The Cold Commands is the second series in A land fit for heroes, Richard Morgan’s fantasy series. It follows more closely one of Ringil’s companions from the first book; but again, it pits a small group against the wraith-like creatures seeking to destroy humanity. It’s fun sci-fi, but it’s nothing incredible.
Market Forces is one of Morgan’s first books. It shows in the writing, which is rougher at points, but it has an interesting idea. It imagines a world where consultancies rule countries, replacing rulers at whim although they’re technically ‘hired’ by them, when in fact they compete with other consultants. Inside each company, as well, consultants battle each other, and across company lines, when they drive to the death to win contracts. It’s a weird little thought experiment, but one that makes for fun reading, and pulls out some of the absurdity of the corporate form. I also liked that it featured a protagonist who wasn’t seeking love, but instead was in the middle of a relationship that was falling apart (and that in fact he walks away from at the end of the novel) – it was a refreshing break from the usual romantic lines in a novel.
Another interesting thought experiment Morgan follows is of cities divided – between militarized, protected zones (liked walled compounds) where the wealthy and aspiring middle classes live, and those outside the walls, the once-working classes, who struggle and scrabble without the resources to survive as their society falls apart.
The protagonist struggles against those above him in the corporate hierarchy, and at times Morgan seems to suggest that he’ll throw them over over, for some kind of genuine change. In the end, though, he settles for simply ousting them, replacing their acolytes with his. It’s a disappointing ending, but perhaps one in line with Morgan’s view of humanity.
Quotes

Wearing a suit doesn’t make you smart, Chris. It just makes you greedy.
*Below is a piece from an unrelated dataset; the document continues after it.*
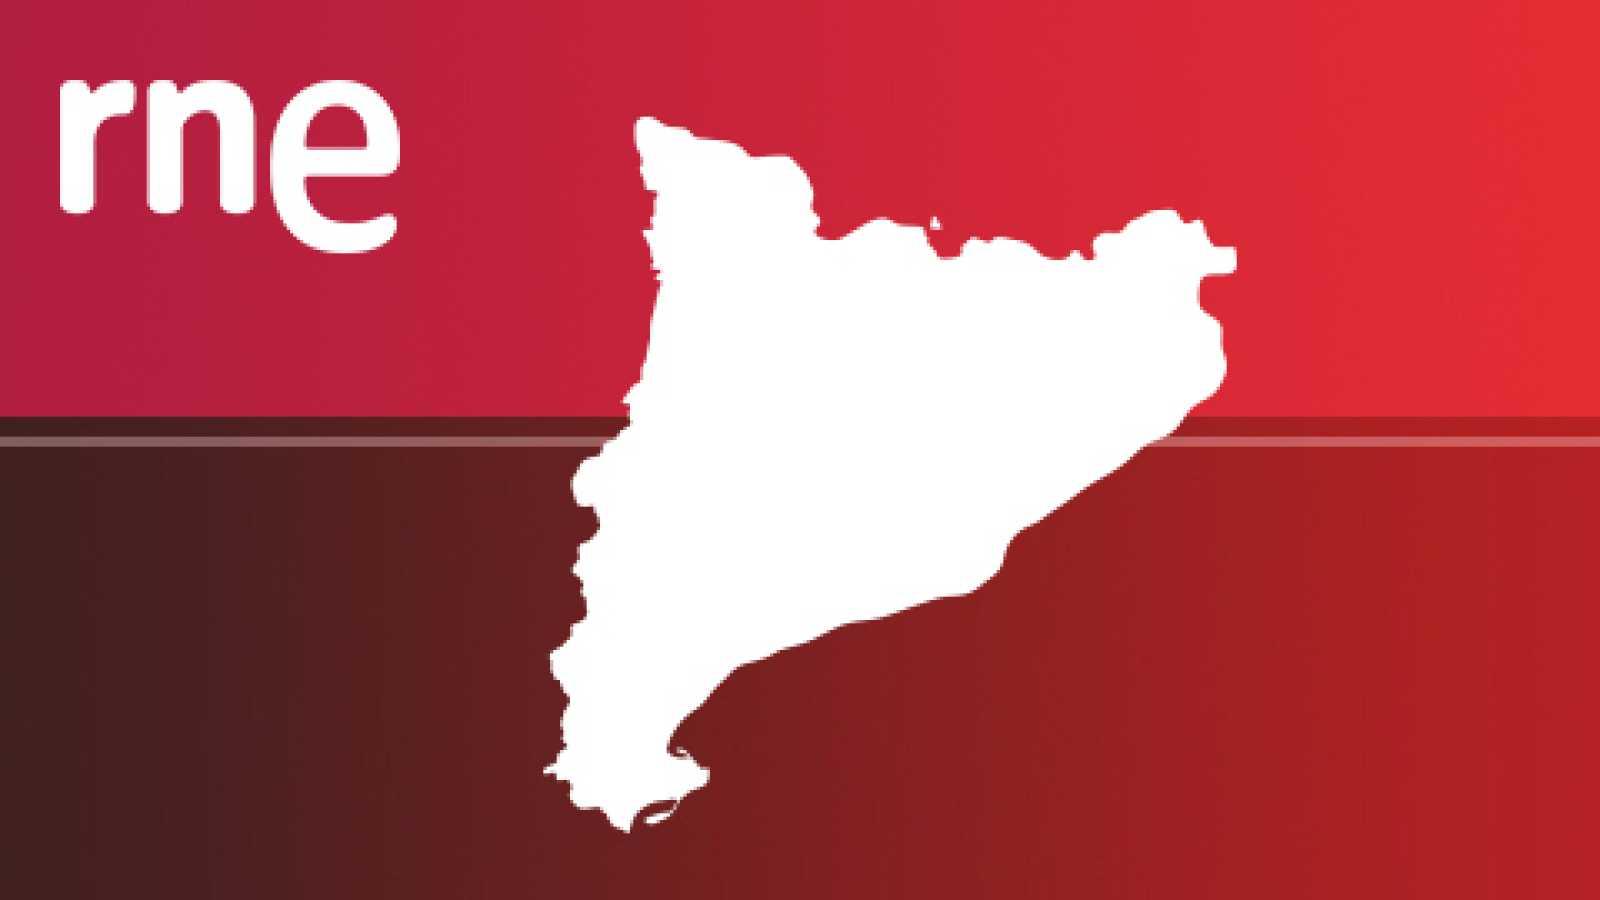 Informatiu Vespre Catalunya - 05/05/21

Wealth, in his experience, was not something the people who had it were at all keen to see trickling anywhere.

Everything is about politics, Carla. Politics is everything. Everything in human society anyway.

I’d say a practising free-market economist has blood on his hands, or he isn’t doing his job properly.
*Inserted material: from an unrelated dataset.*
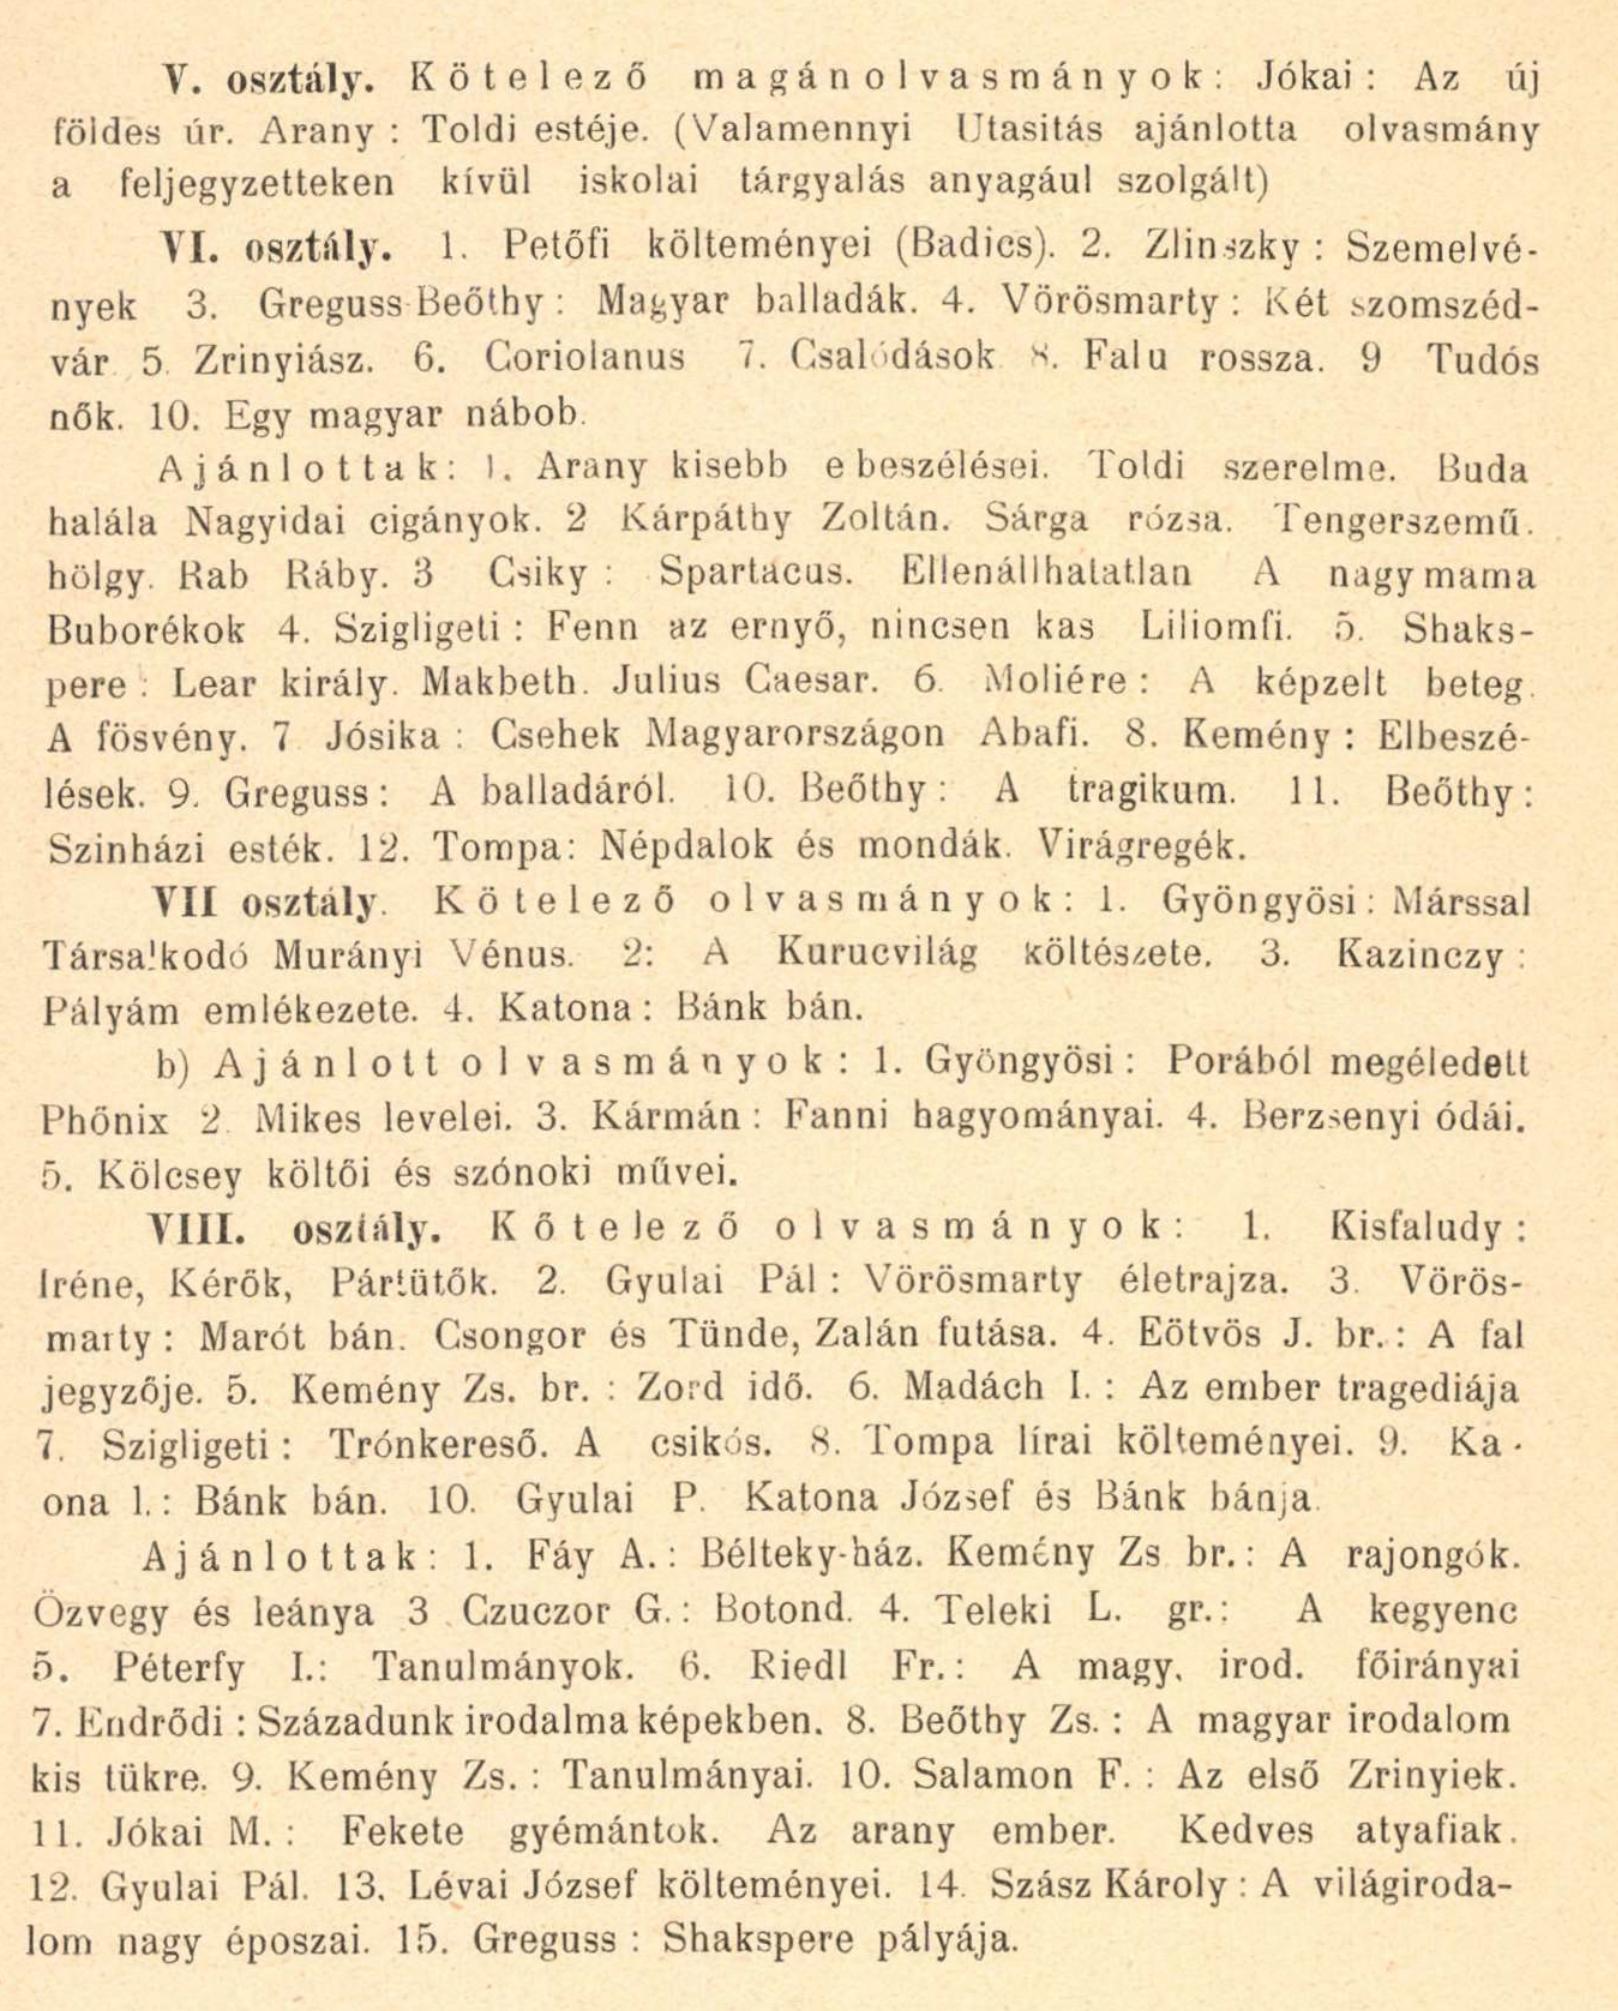 1908-kotelezok.jpg

Books I won’t be finishing: Probably Approximately Correct and Nerve

There are a few books I’ve started, but not finished.
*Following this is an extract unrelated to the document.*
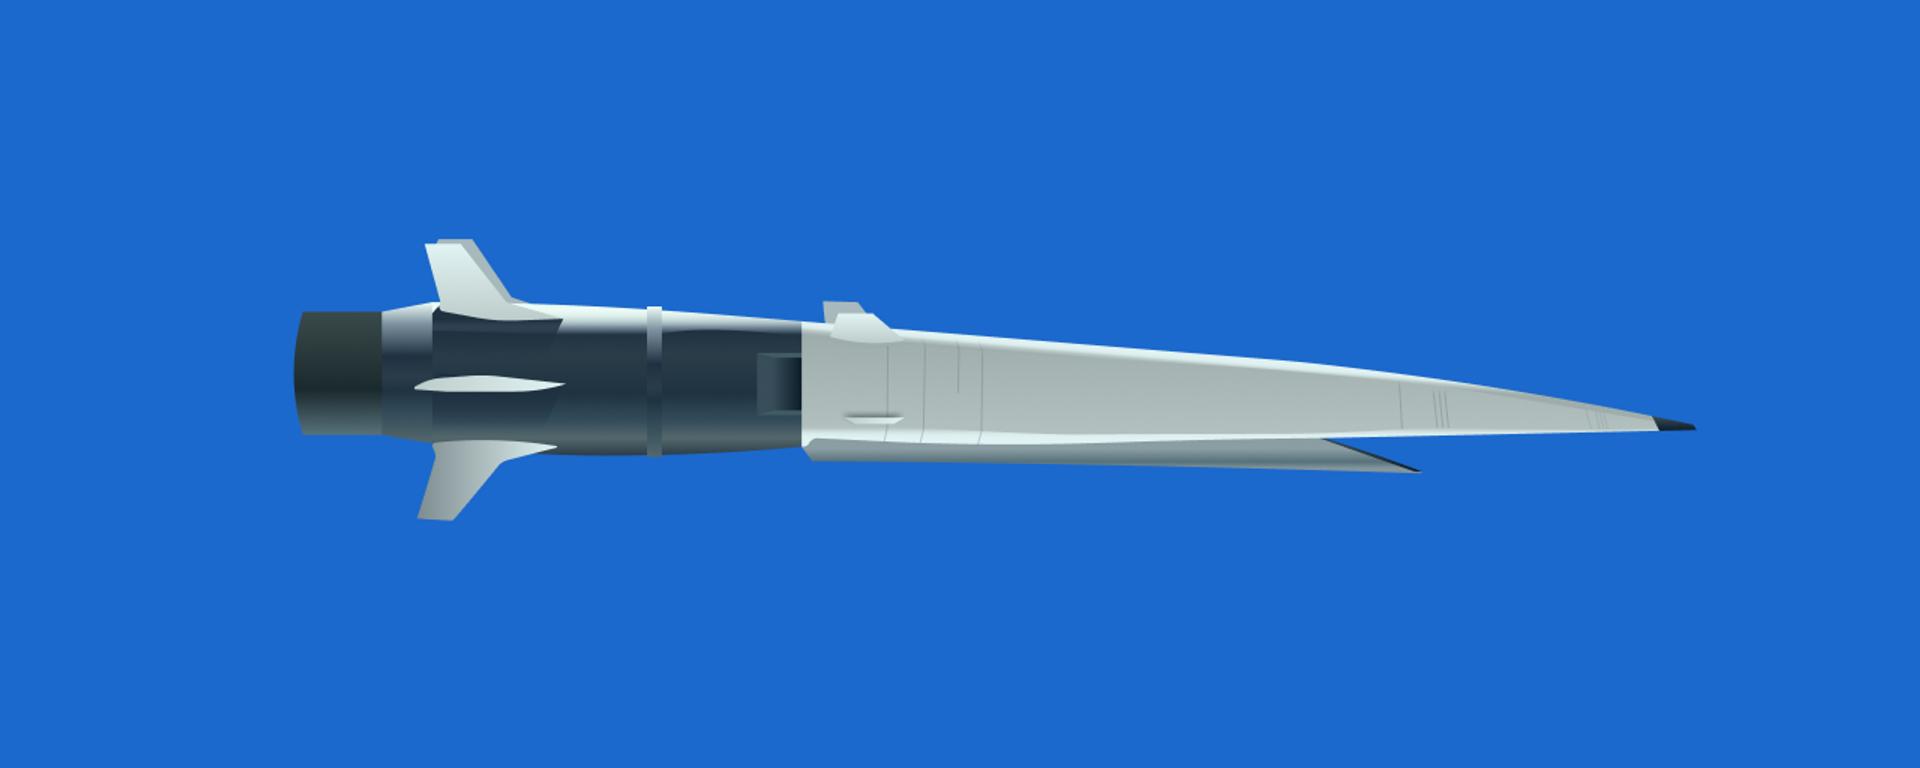 Misil de crucero hipersónico ruso Tsirkon - Sputnik Mundo, 1920, 20.07.2021

Probably Approximately Correct sounds very exciting. It’s about … it’s about learning, and algorithms, and universal laws. It’s about probably approximately correct learning theory. Beyond that, I couldn’t really tell you. I should have heeded the warnings, but this really does feel like I needed a stronger sense of computational mathematics, more time, and more focus to get anything out of it. If someone can dumb this down a level, I’d love to read a little more. Until then I’m passing.

Nerve is about teenagers playing an online game that gets too real and dangerous and … ugh. I couldn’t finish the book. I can’t remember if it was too awkward, characters making decisions that were too frustratingly dumb, or … what it was. Didn’t do it for me.